Almost 200 illegal immigrants have been deported or removed from the country as a result of a nationwide Garda operation into suspected “marriages of convenience” and fraud.
In the latest phase of the operation, codenamed Vantage, officers from the Garda national immigration bureau arrested 13 suspects following a series of searches in three counties.
One man has already been deported and seven others have claimed asylum.
The 13 were lodged at Cloverhill, Limerick and Mountjoy prisons to await deportation. A total of 17 searches were carried out following surveillance at various locations in Limerick, Waterford and Dublin.
Bureau members were backed up by a special evader tracking unit, which was set up to target suspects subject to deportation orders.

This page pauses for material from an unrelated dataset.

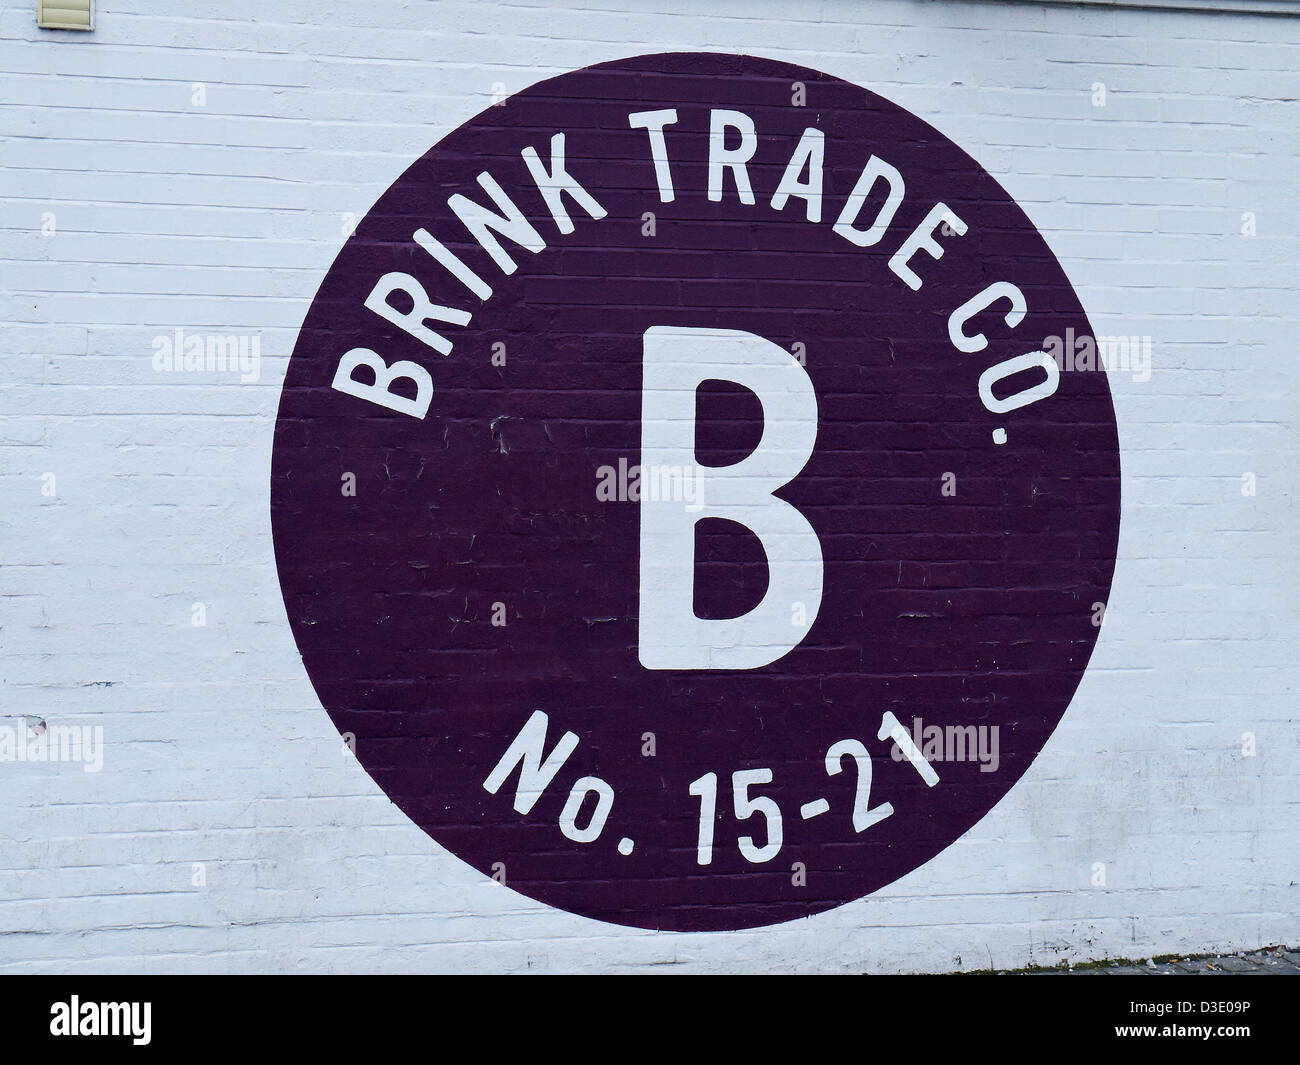 Brink Trade Co sign in Liverpool UK Stock Photo
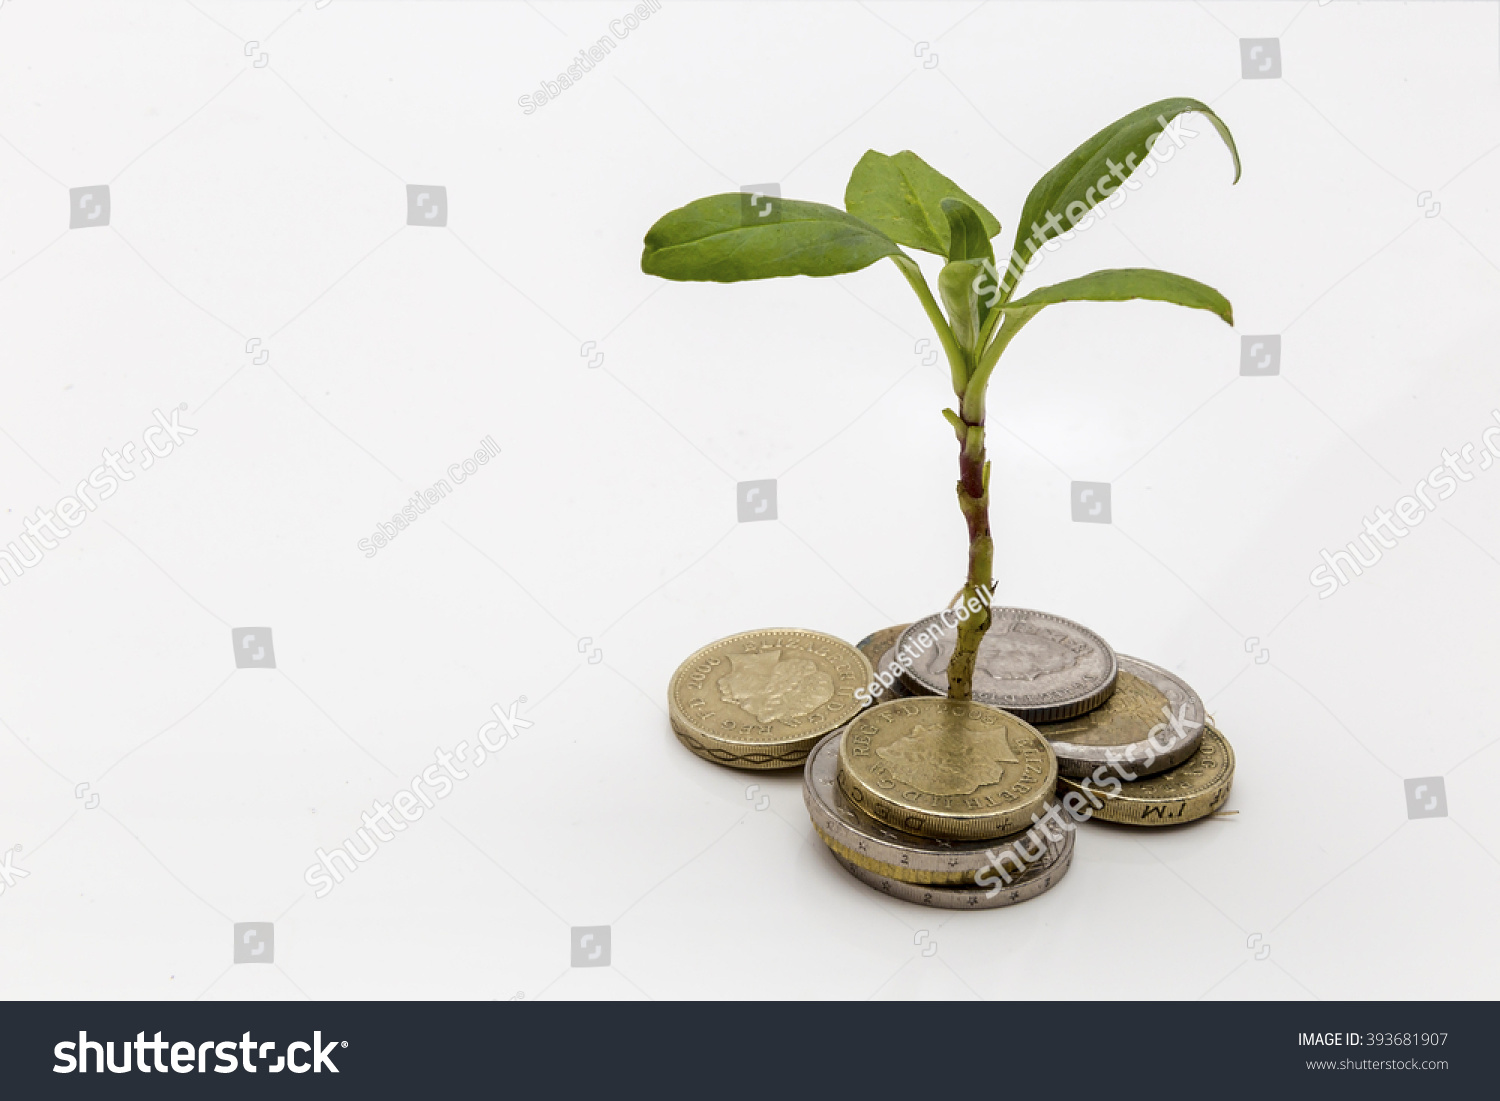 Showing a plant growing out of a pile of money symbolising investments and savings

The 13 arrested men included 10 Pakistanis, two Bangladeshis and one Mauritian, all of whom had taken part in sham marriages and pretence to obtain a residency card and qualify for EU treaty rights permission to remain here.
Another 11 suspects, Chinese, Malaysian, Pakistani and Mexican nationals, were identified as having no legal status or immigration history within the State.
They are also now subject to immigration control under the Immigration Act, 2004.
And a further 26 foreign nationals, suspected of being either engaged in marriages of convenience, abuses of EU treaty rights or breaches of student permission, have also been pinpointed for fresh investigations.
Gardaí said last night the operation focused primarily on marriages between EU nationals and non-EU nationals.
Since Vantage was established in August 2015 under Det Chief Supt Dave Dowling, more than 1,100 individual investigation reports have been completed by the bureau, where marriages of convenience and fraud are suspected.
These reports were forwarded to the Irish Naturalisation and Immigration Service (Inis) and have so far resulted in deportation and removal orders for 193 people while the others are under continuing investigation.
Twenty-four officers took part in the latest searches, which were carried out last week under section 78 of the International Protection Act, 2015, providing the power of entry to a premises to look for a person named in a valid deportation order.
Previous inquiries established criminal networks, operating here and in the UK, were behind the scams.